“What is wrong with you?” Aodhan bit out, all bright light ablaze with emotion. “Why are you so angry? You’ve been angry since the moment you landed, and we both know it, so don’t you try to deny it.”
Illium wasn’t about to beg for attention, not from anyone—and especially not from Aodhan, at whose side he’d stood through thick and thin, pain and hope. But neither was he about to allow his friend to pin the current fucked-up state of their relationship on him.
“You’re interested in how I’m doing all of a sudden? Funny, when you were fine ignoring me for an entire year. Guess you forgot how to write letters or make phone calls.” He slapped his forehead. “Oh, my bad, you didn’t forget. I just didn’t make your list.” Then, despite his urge to touch Aodhan, even if it was to shove him away, he stepped back. “I’m giving it to you—the distance you made it clear you wanted. Now get the hell out of my face so I can finish making my food.”
* * *
*
Excuses flittered through Aodhan’s mind, some of them even believable, but he brushed them all aside, his skin hot. He had frozen Illium out over the past months. It had been a self-protective act driven by angry desperation—and it had been a cowardly thing that shamed him.
“You don’t let go, Blue,” he found himself admitting, anguish in his voice. “You hold on so tight that I couldn’t breathe.”
Illium’s face went pale, the spark fading from his eyes as he dropped the red pepper he’d been holding onto the chopping board. “You really do see me as a cage.”
The whispered words hit Aodhan like a blow to the solar plexus. “No! No!” He went to grab Illium’s shoulders, but the other man stumbled back, his legendary grace nowhere in evidence and his hand clutching at the counter to his left to maintain balance.
“Shit.” Aodhan spun to slam his hands down on the counter. “You kept looking after me.” He glanced at Illium to see incomprehension on his face. “I needed looking after for a long time, I’ll accept that.”
He hated what he’d allowed himself to become in those years after his capture, hated it, and he’d finally taken responsibility for his actions. Only, Blue refused to see that. “But I don’t need that kind of care anymore,” he bit out. “I’m a warrior angel you trust to watch your back in any battle, but in anything else? You second-guess me, try to double-check my instincts, attempt to wrap me up in cotton wool.”
“Looking after you is a crime now?” Illium snapped, his hand fisted on the counter, and his wings bunched in.
It devastated Aodhan to hurt Illium, but they had to lance this boil, clear the slow-acting poison of it. “Remember that fight we had—I had information about the Luminata through my contacts, and you came down on me like a ton of bricks.”
Aodhan could still remember the rage that had scalded him in the aftermath. “As if I was still that broken angel in the infirmary, unable to defend myself, my mind so wounded that I was nothing but prey.”

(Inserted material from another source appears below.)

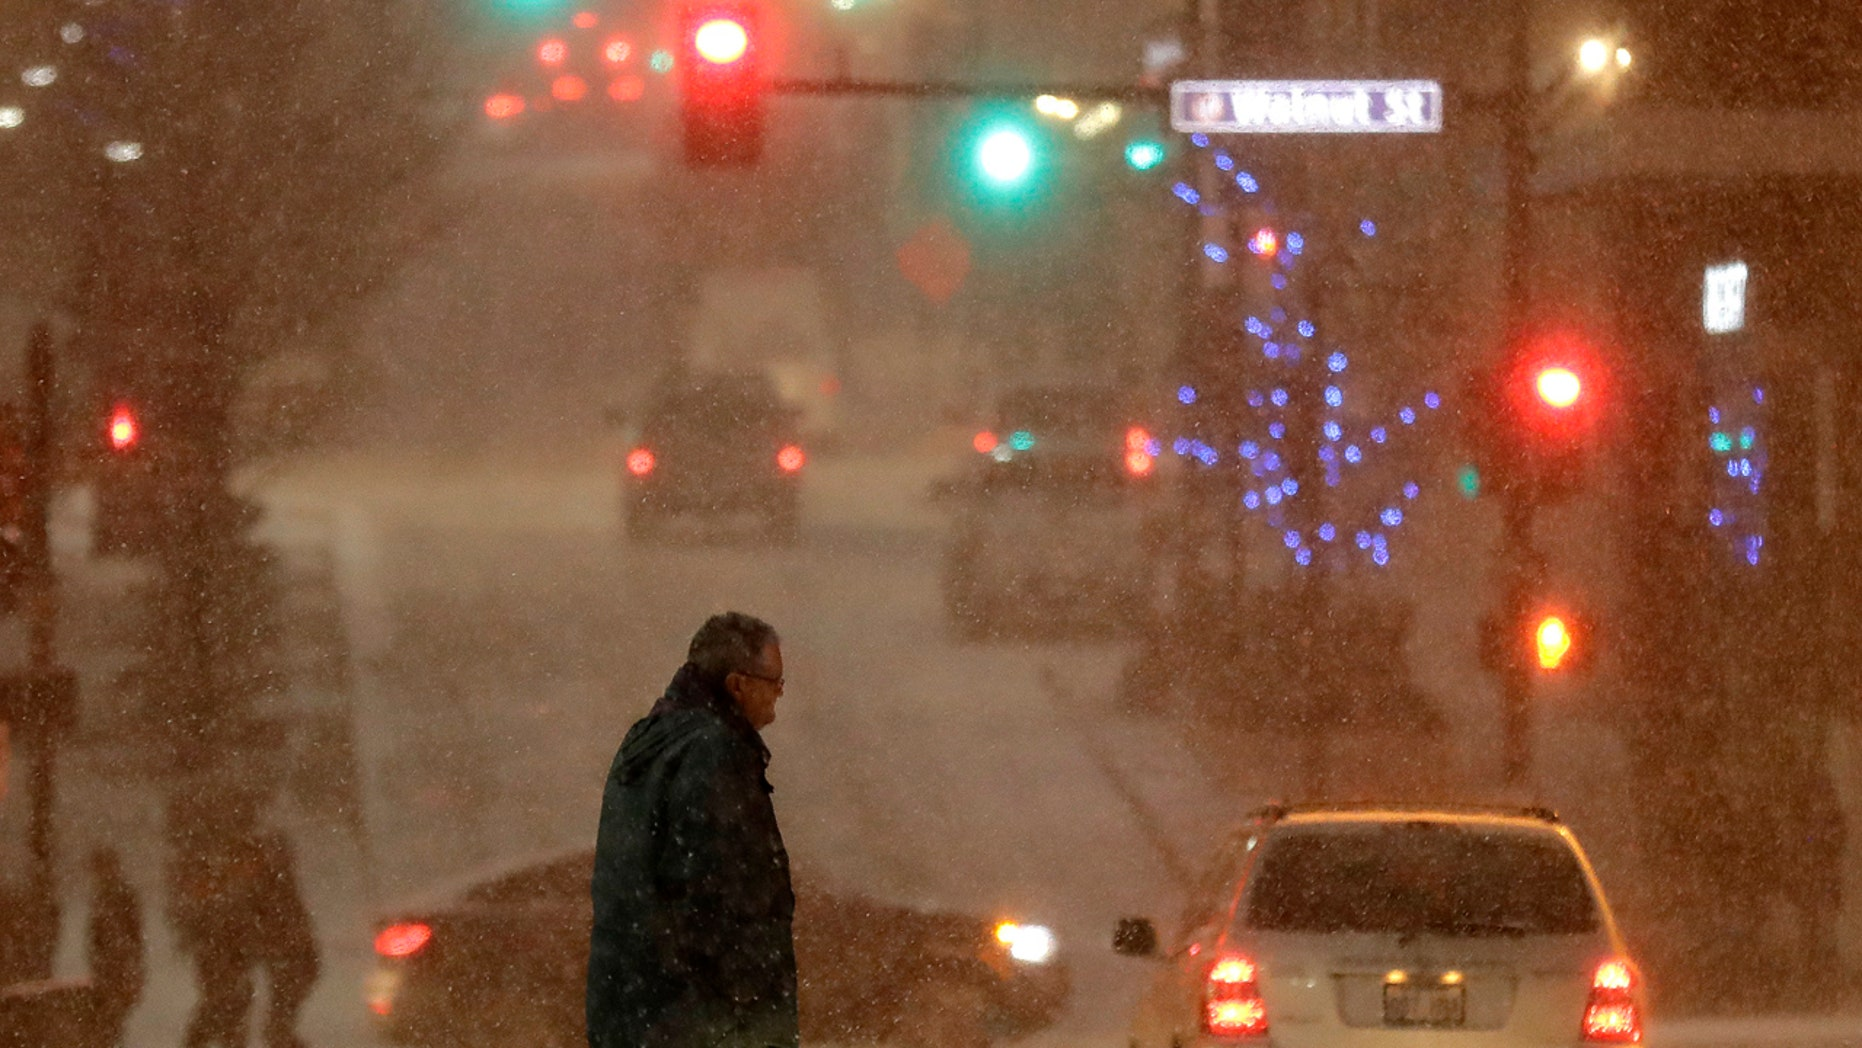 A pedestrian walks across a street in downtown Kansas City, Mo., on Saturday, Dec. 17, 2016.

Illium swallowed, his gaze bruised—but the spark, it had reignited. “Do you know how hard it was for me to watch you fight your way back to yourself?” Raw emotion in every word. “Now you’re pissed at me for being protective?”
“Yes.” Aodhan wasn’t going to back off, not on this point. “If you want us to stay friends, you can’t pull the protective shit, Blue. I don’t have the capacity to deal with it anymore.” It was as if he’d woken out of a long sleep and any hint of being coddled or protected enraged him. “It reminds me of who I was for a long time—and I fucking hate that pathetic creature!”
Eyes afire, Illium stepped closer. “Don’t you dare talk about yourself that way!” He scowled, no longer in any way distant now that he was defending Aodhan. “You survived an evil that would’ve killed other angels!”
Aodhan had been told that over and over, and it made no difference. “I let those bastards scar me to the point that I put myself in a cage.” He slammed a fist against his chest, his anger a hot, hard thing that cut. “But I’ve broken free at last—and I won’t let anyone else put me back in a box. Any fucking kind of a box.”
Illium folded his arms, his biceps flexing. “Caring for you enough to look out for you isn’t trying to control you,” he argued, red slashes of color on his cheekbones. “It’s what normal people do for those they love.”